> _GIVEN DATA_:
::::::

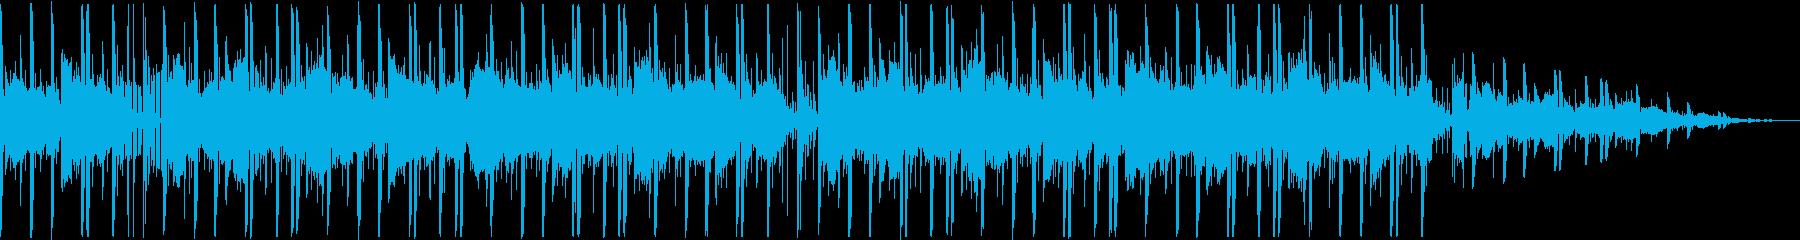 ブレイクが8小節のたびに入りますの再生済みの波形
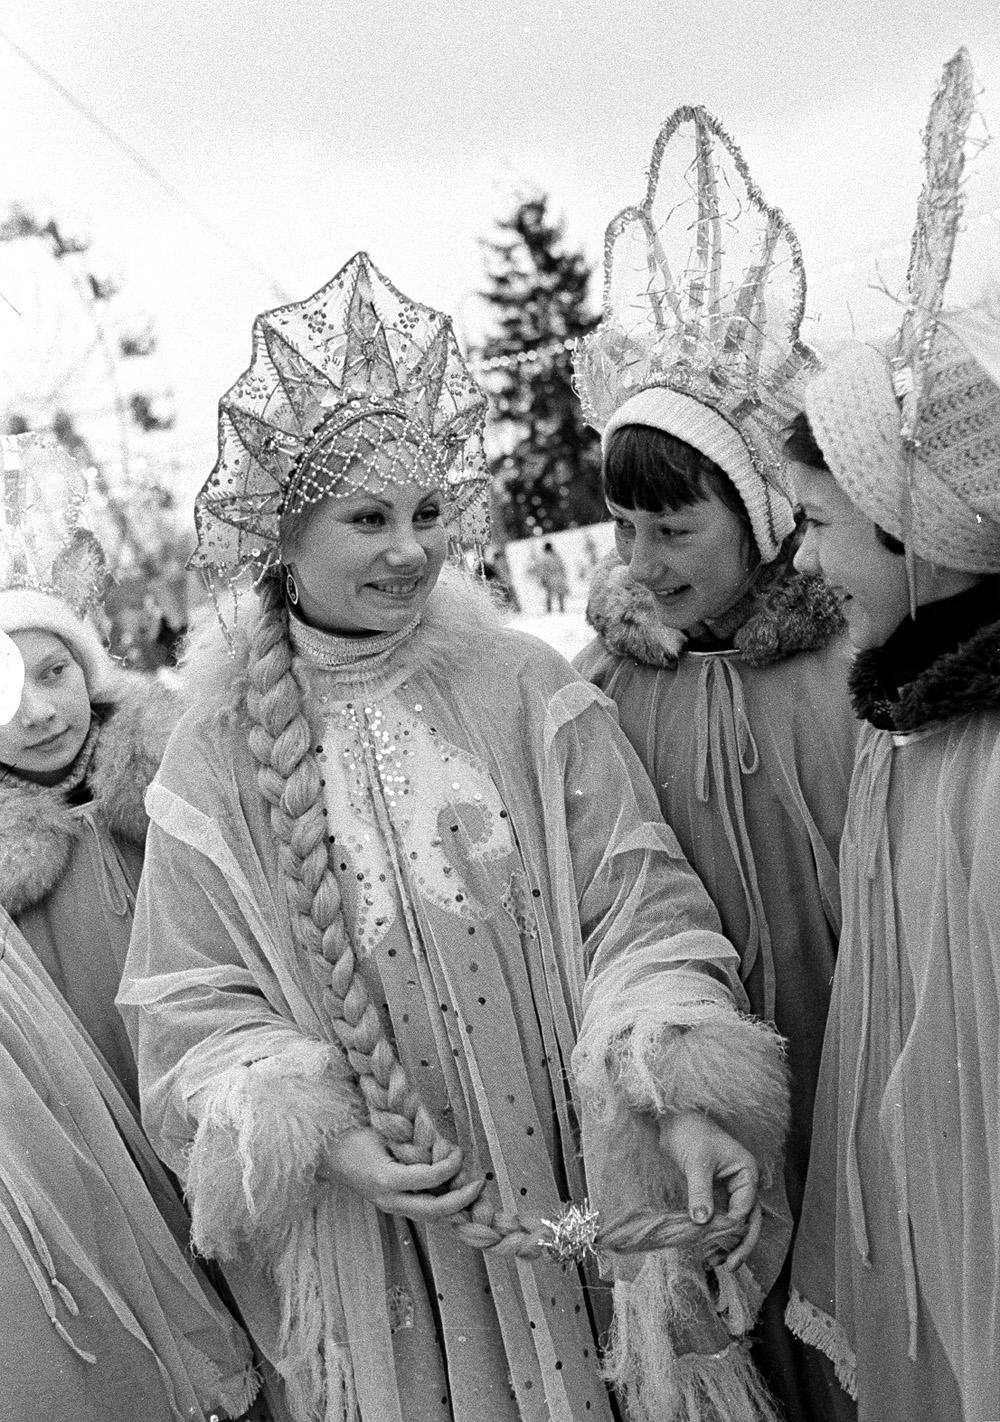 1981. Новогоднее представление Сказ о волшебной стреле и добром сокольничем в Сокольниках. Январь
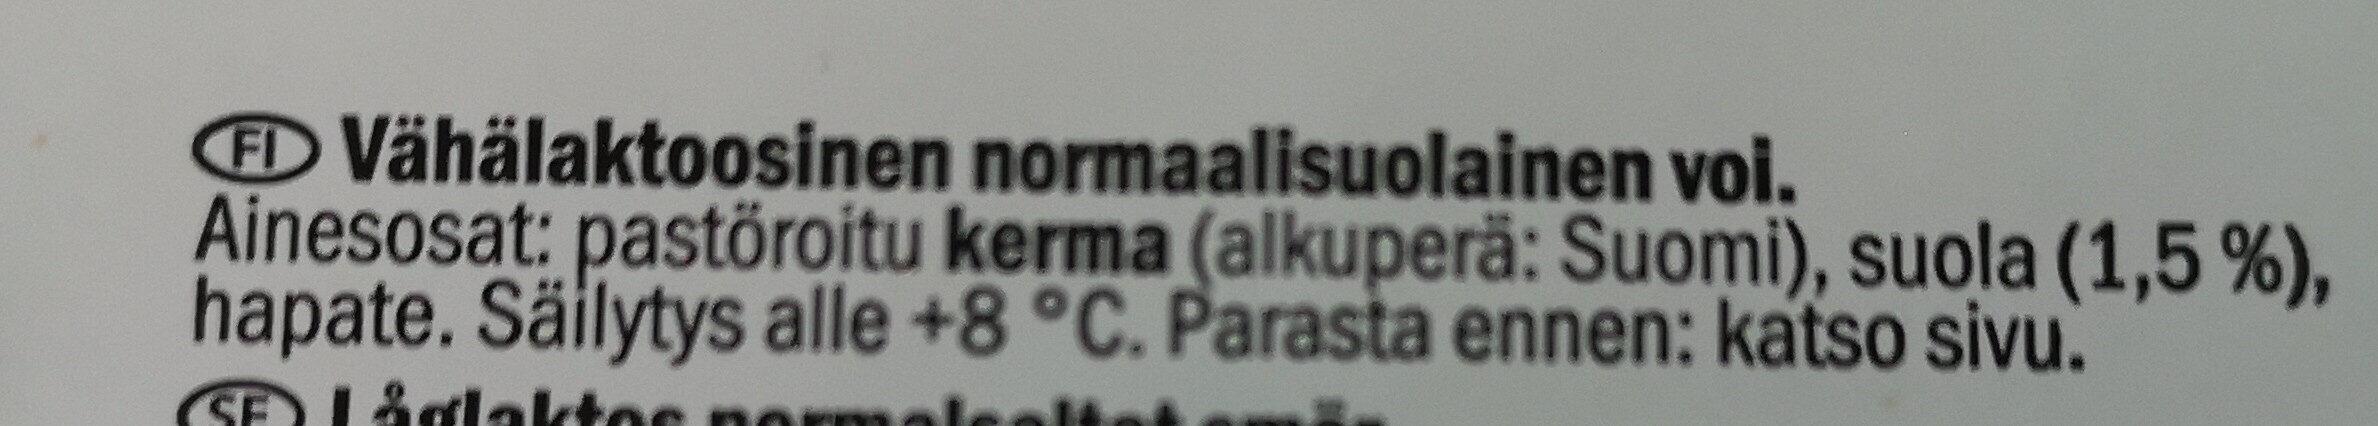 Kotimainen Voi, Normaalisuolainen - Ingredients
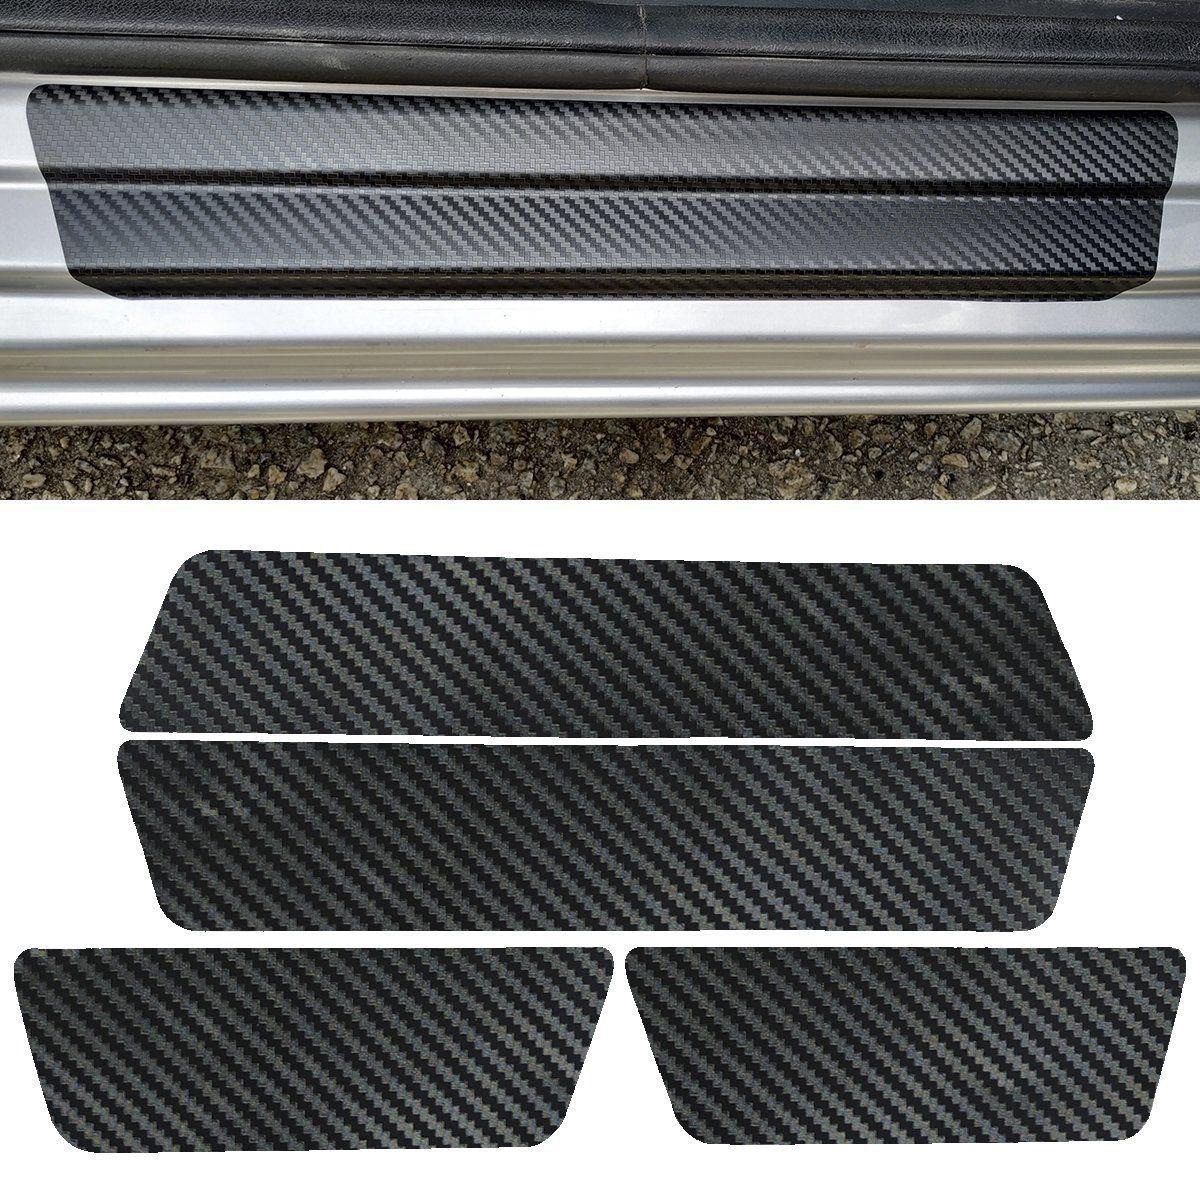 Kit Soleira Protetora Porta Adesivo Carbono Universal - 4pçs

::::::

Give the material above again exactly as it stands, minus any images.

> _TASK OUTPUT_:
 ブレイクが8小節のたびに入りますの再生済みの波形
 1981. Новогоднее представление Сказ о волшебной стреле и добром сокольничем в Сокольниках. Январь
 Kotimainen Voi, Normaalisuolainen - Ingredients
 Kit Soleira Protetora Porta Adesivo Carbono Universal - 4pçs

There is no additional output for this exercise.